Use of clear differentiating factors such as severe hyperthermia, myoclonic seizures, and intense effects that outlast expected psychological trajectories or seem to progress as time passes are useful in gauging if a toxic response is being observed. Facilitators or providers of psychedelic experiences need clear protocols to avoid combinations of drugs that are likely to raise risks of toxicity as well as how toxic responses will be managed in the rare event they occur.

References

1. Boyer, E.W. and M. Shannon, The Serotonin Syndrome. N Engl J Med, 2005. 352(11): p. 1112-1120.
2. Malcolm, B. and K. Thomas, Serotonin toxicity of serotonergic psychedelics. Psychopharmacology (Berl), 2021.
3. Boyer, E.W. and M. Shannon, The Serotonin Syndrome. New England Journal of Medicine, 2005. 352(11): p. 1112-1120.
4. Gillman, K., Monoamine oxidase inhibitors: A review concerning dietary tyramine and drug interactions. PsychoTropical Commentaries, 2017. 1(1): p. 105.

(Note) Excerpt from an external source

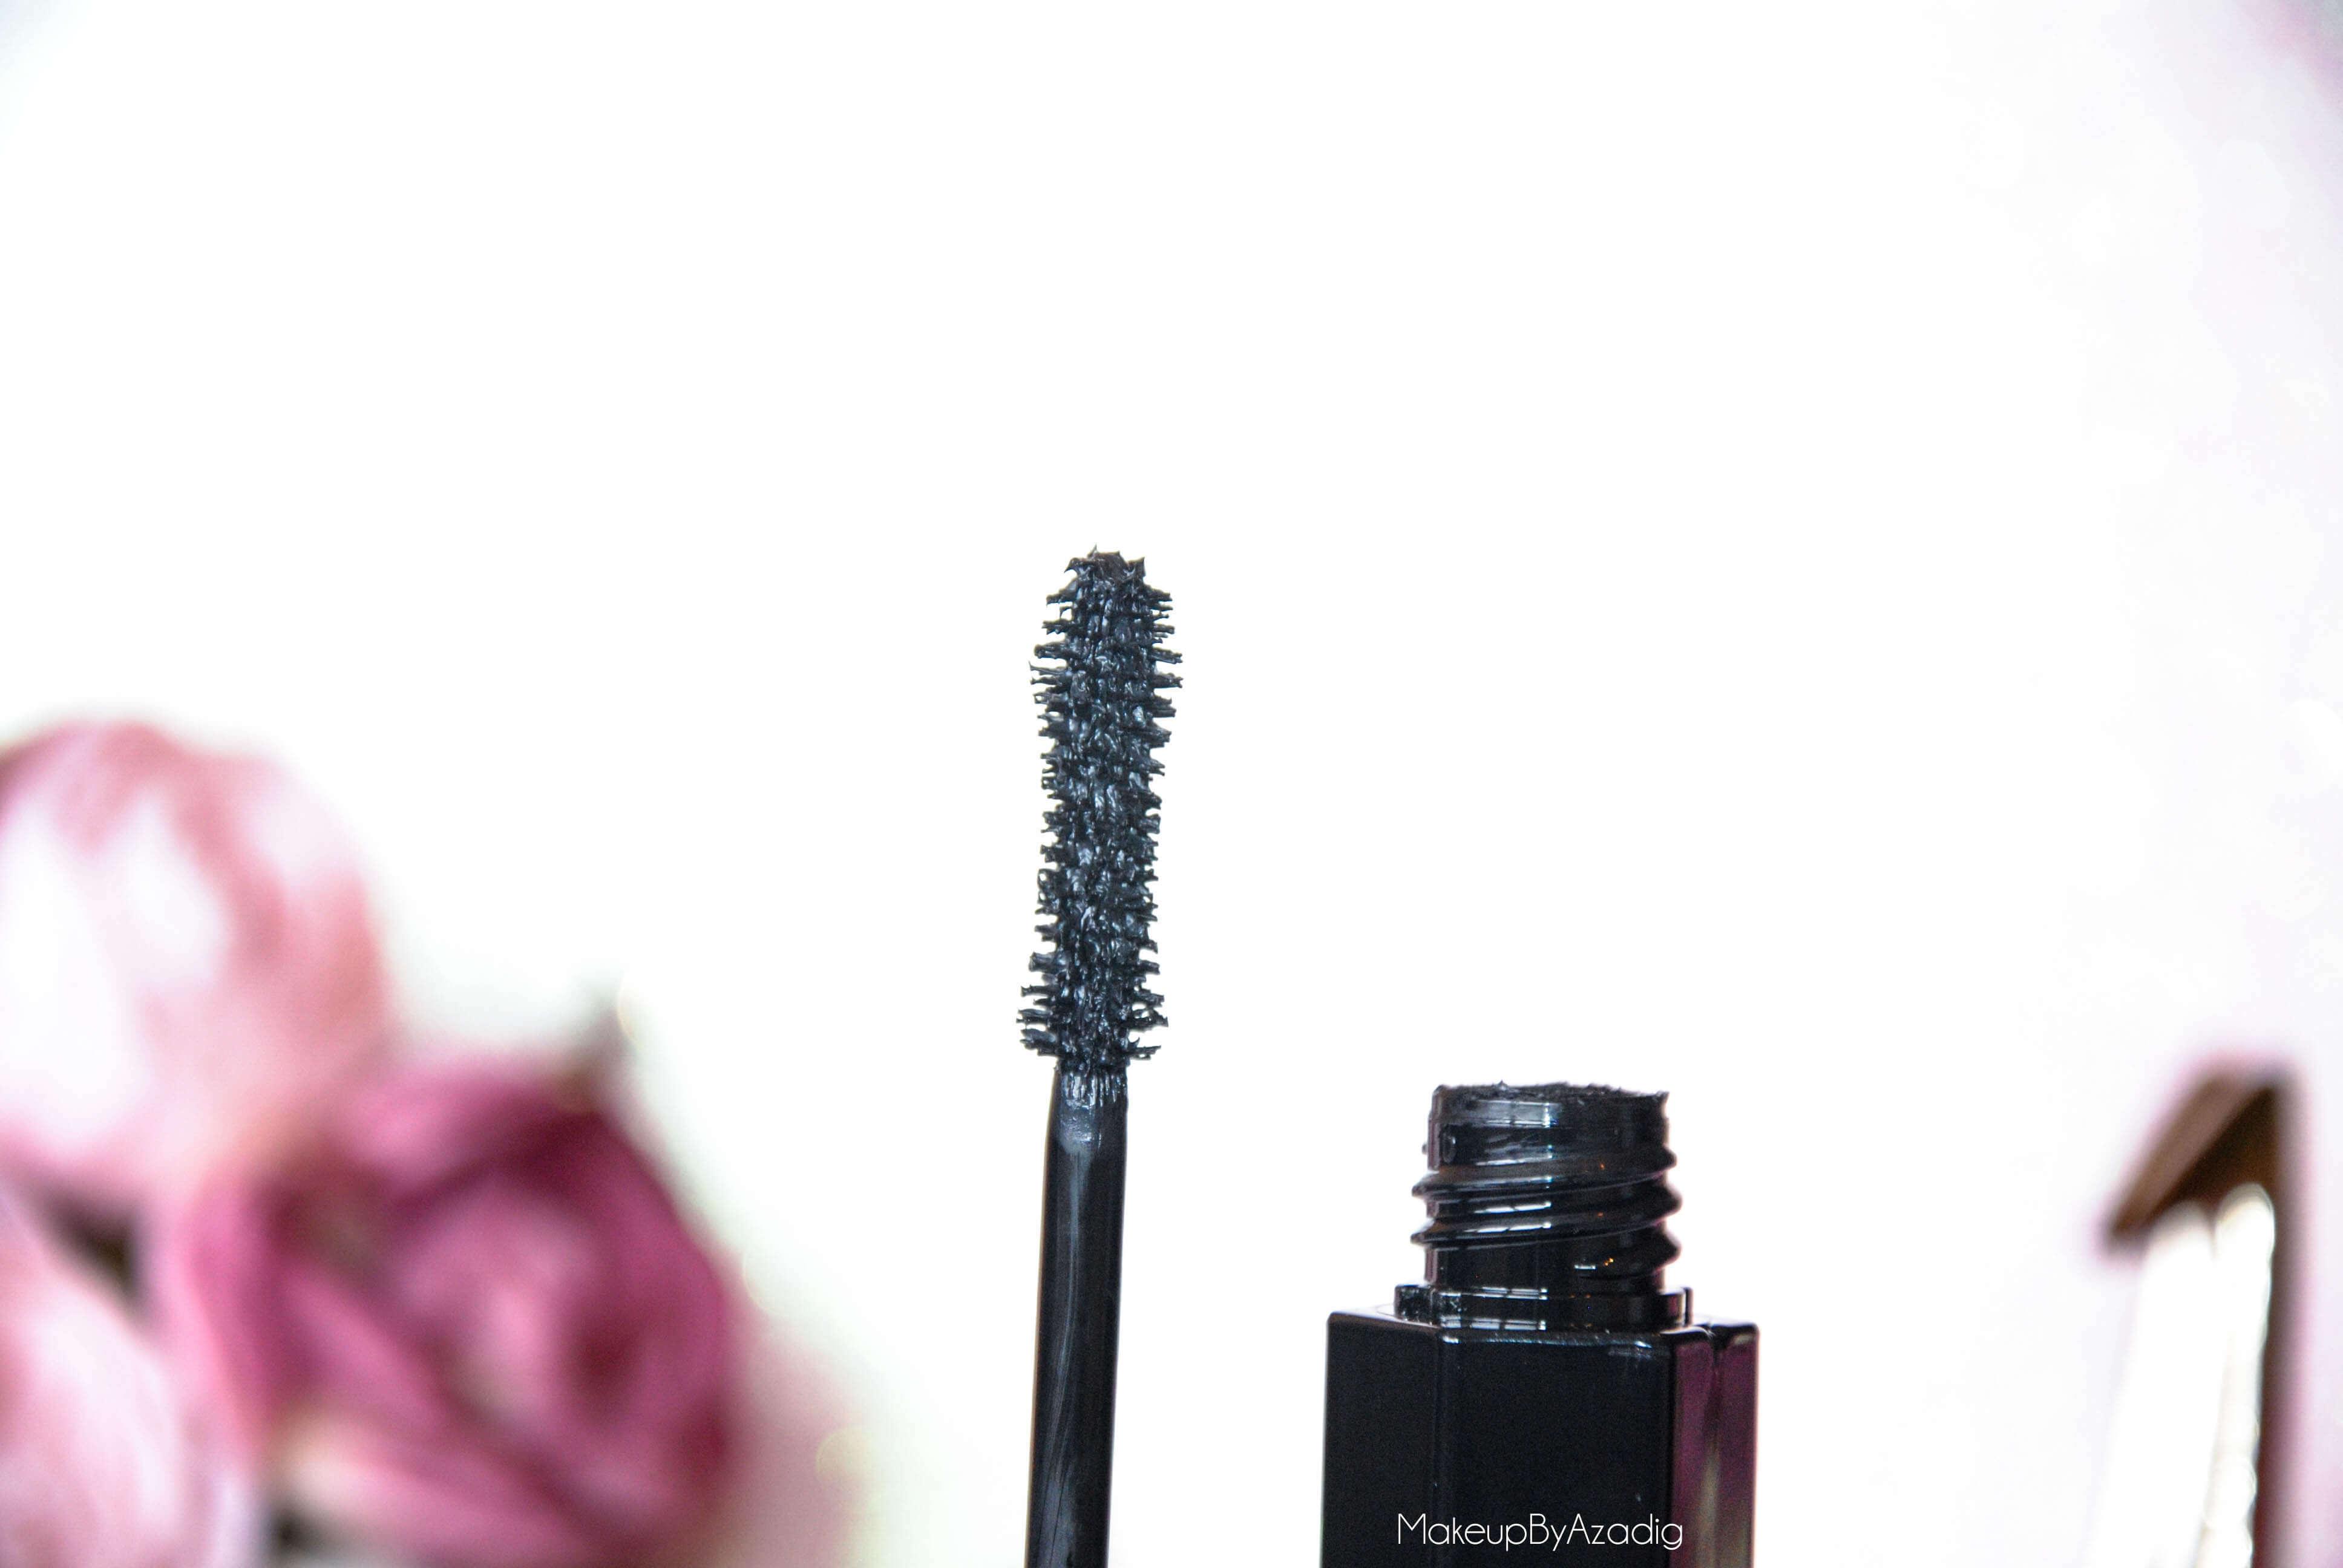 velvet noir-volume spectaculaire-marc jacobs-makeupbyazadig-revue-review-mascara-noir intense-brosse

5. Dunkley, E.J.C., et al., The Hunter Serotonin Toxicity Criteria: simple and accurate diagnostic decision rules for serotonin toxicity. QJM: An International Journal of Medicine, 2003. 96(9): p. 635-642.
6. Nayak, S.M., et al., Classic Psychedelic Coadministration with Lithium, but Not Lamotrigine, is Associated with Seizures: An Analysis of Online Psychedelic Experience Reports. Pharmacopsychiatry, 2021. 54(5): p. 240-245.
7. Vuori, E., et al., Death following ingestion of MDMA (ecstasy) and moclobemide. Addiction, 2003. 98(3): p. 365-8.
8. Pilgrim, J.L., et al., Serotonin toxicity involving MDMA (ecstasy) and moclobemide. Forensic Sci Int, 2012. 215(1-3): p. 184-8.
9. Sarparast, A., et al., Drug-drug interactions between psychiatric medications and MDMA or psilocybin: a systematic review. Psychopharmacology (Berl), 2022. 239(6): p. 1945-1976.